31. A method as claimed in any one of claims 25 to 30 wherein the digestion resistant regions of the first end region and of the second end region are intermediate the ends thereof and correspondingly the digestion resistant regions of the first primer and of the second primer are intermediate their ends.

32. A method as claimed in any one of claims 18 to 31 wherein detection is effected by the steps of: (i) providing in the product mixture a nucleic acid reporter construct which comprises (a) a reporter strand having a fluorescent reporter moiety bound thereto, the reporter strand being capable of hybridising to the amplified nucleic acid sequence to be detected, and (b) a quencher strand hybridised to the reporter strand and having a quencher moiety which quenches the fluorescence of the fluorescent reporter moiety,(ii) subjecting the product mixture to denaturation and then rehybridisation conditions, and(iii) detecting for the presence of the fluorescent reporter moiety.

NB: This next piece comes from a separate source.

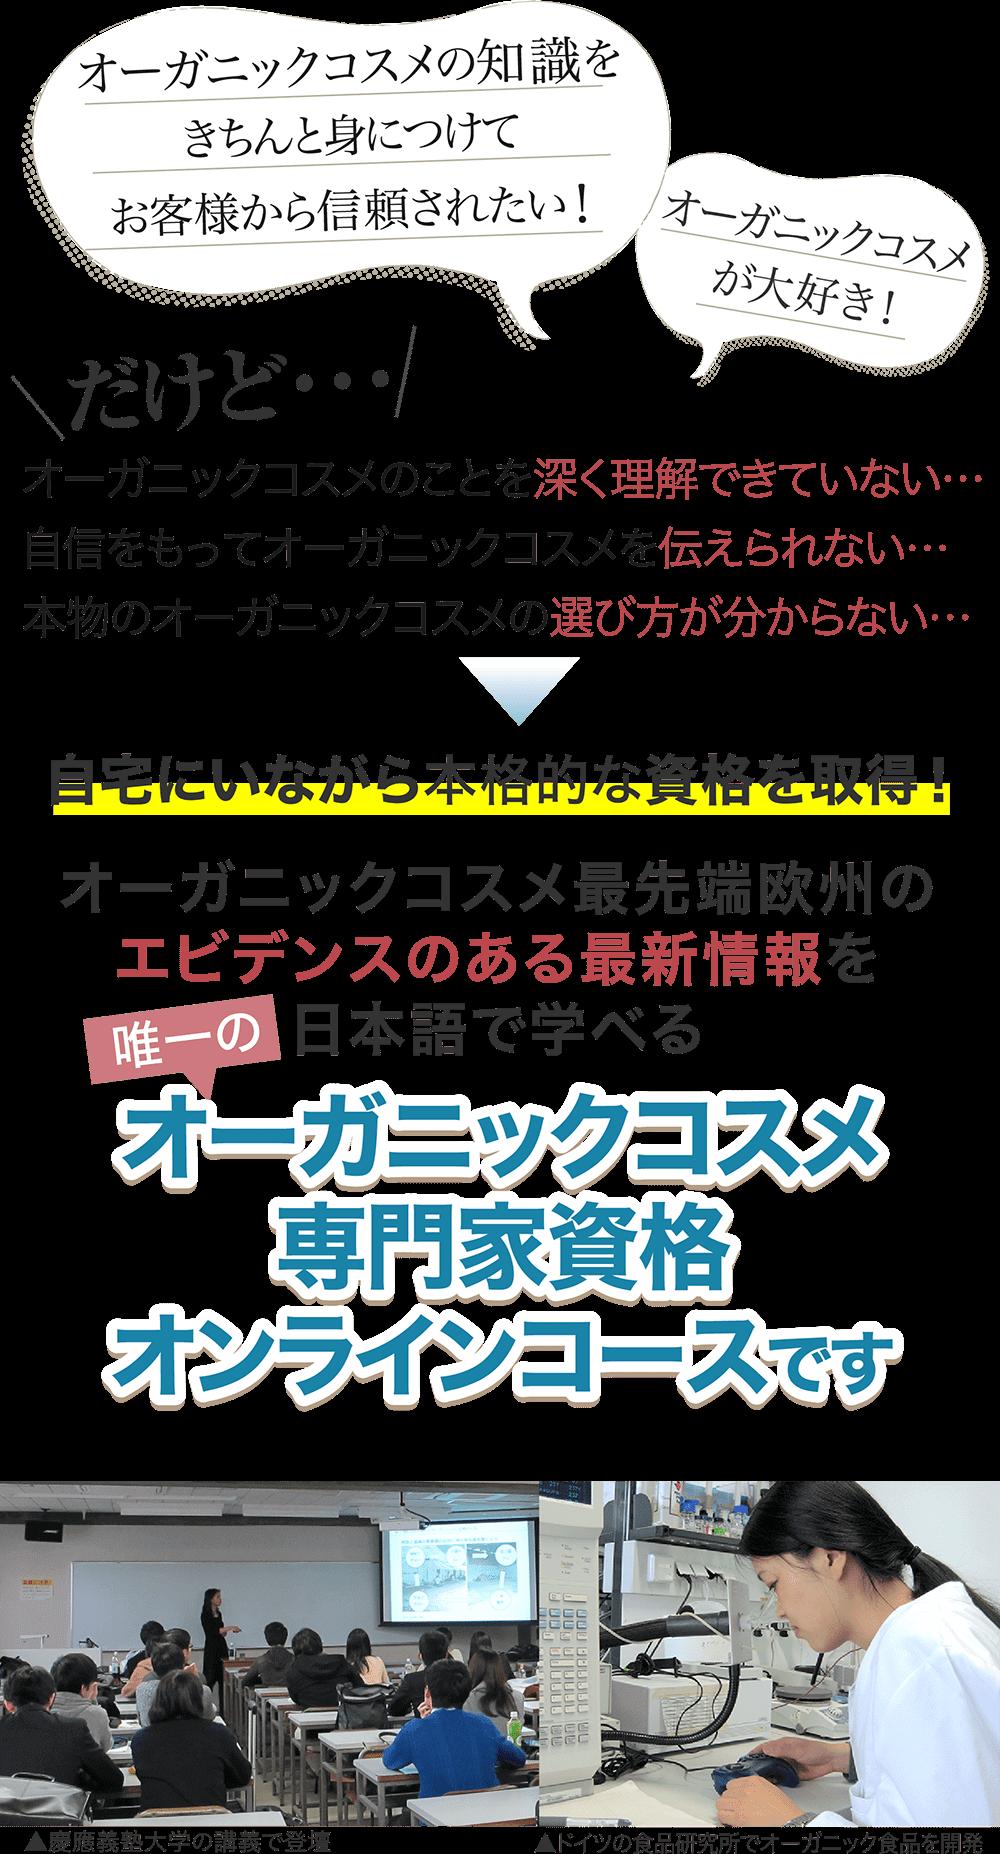 オーガニックコスメ最先端欧州のエビデンスのある最新情報を日本語で学べるオーガニックコスメ専門家資格オンラインコースです
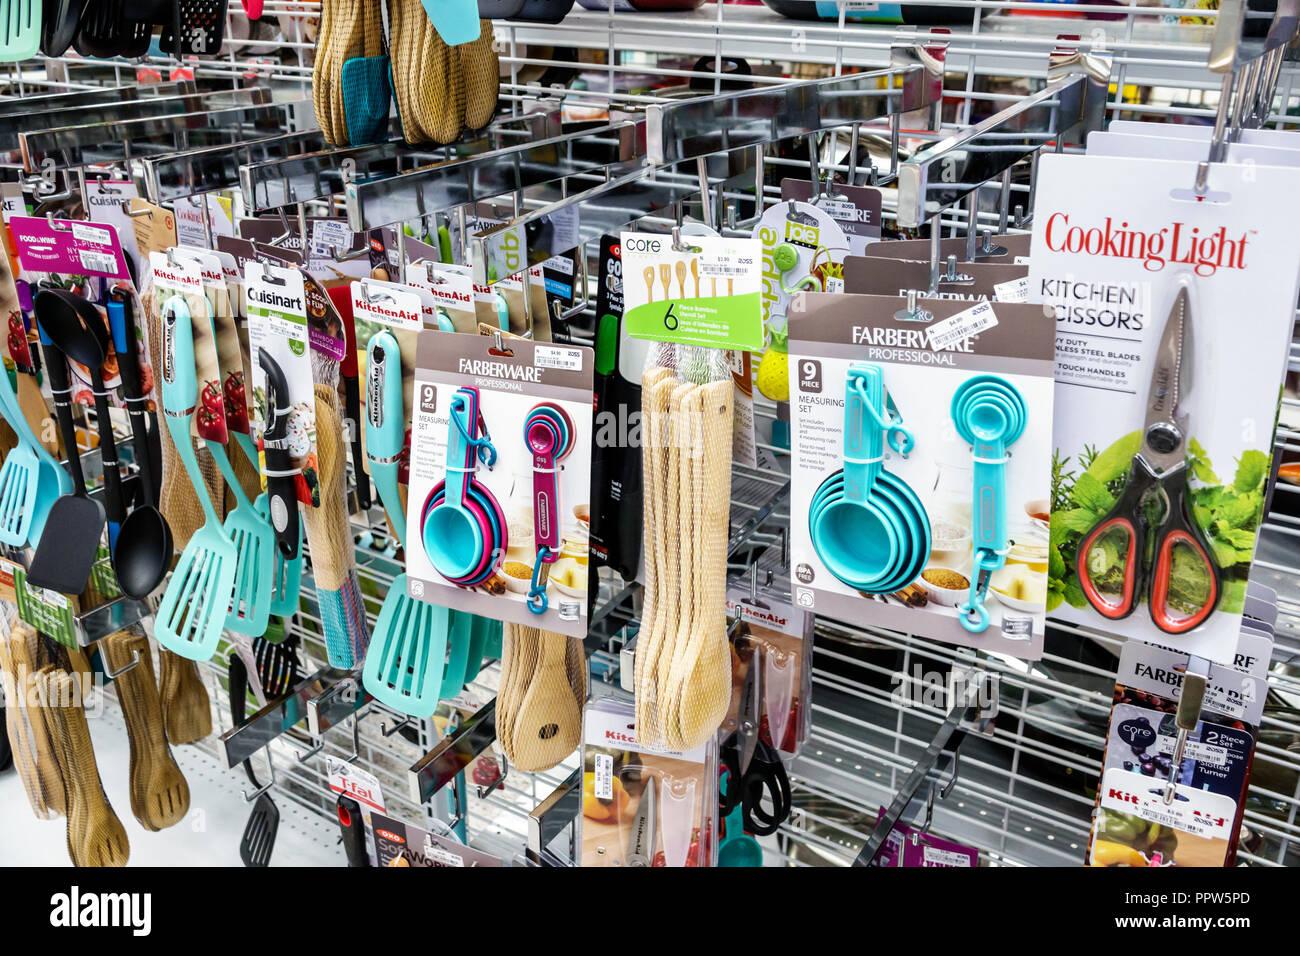 Heißluftfritteuse | Küche | Zuhause | Deallx Shopping

33. A method as claimed in claim 32 when directly or indirectly dependent from any one of claims 25 to 31 for the detection of a nucleic acid sequence in Neisseria gonorrhoeae wherein the double stranded nucleic acid molecule, if present, has the base sequences shown in FIG. 8,

34. A method of detecting a nucleic acid in a sample to be analysed, the method comprising the steps of: (i) providing in the sample a nucleic acid reporter combination which comprises (a) a reporter strand having a fluorescent reporter moiety bound thereto, the reporter strand being capable of hybridising to the nucleic acid sequence to be detected, and (b) a quencher capable of strand hybridising to the reporter strand and having a quencher moiety which quenches the fluorescence of the fluorescent reporter moiety,(ii) subjecting the mixture to denaturation and then rehybridisation conditions, and(iii) detecting for the presence of the fluorescent reporter moiety.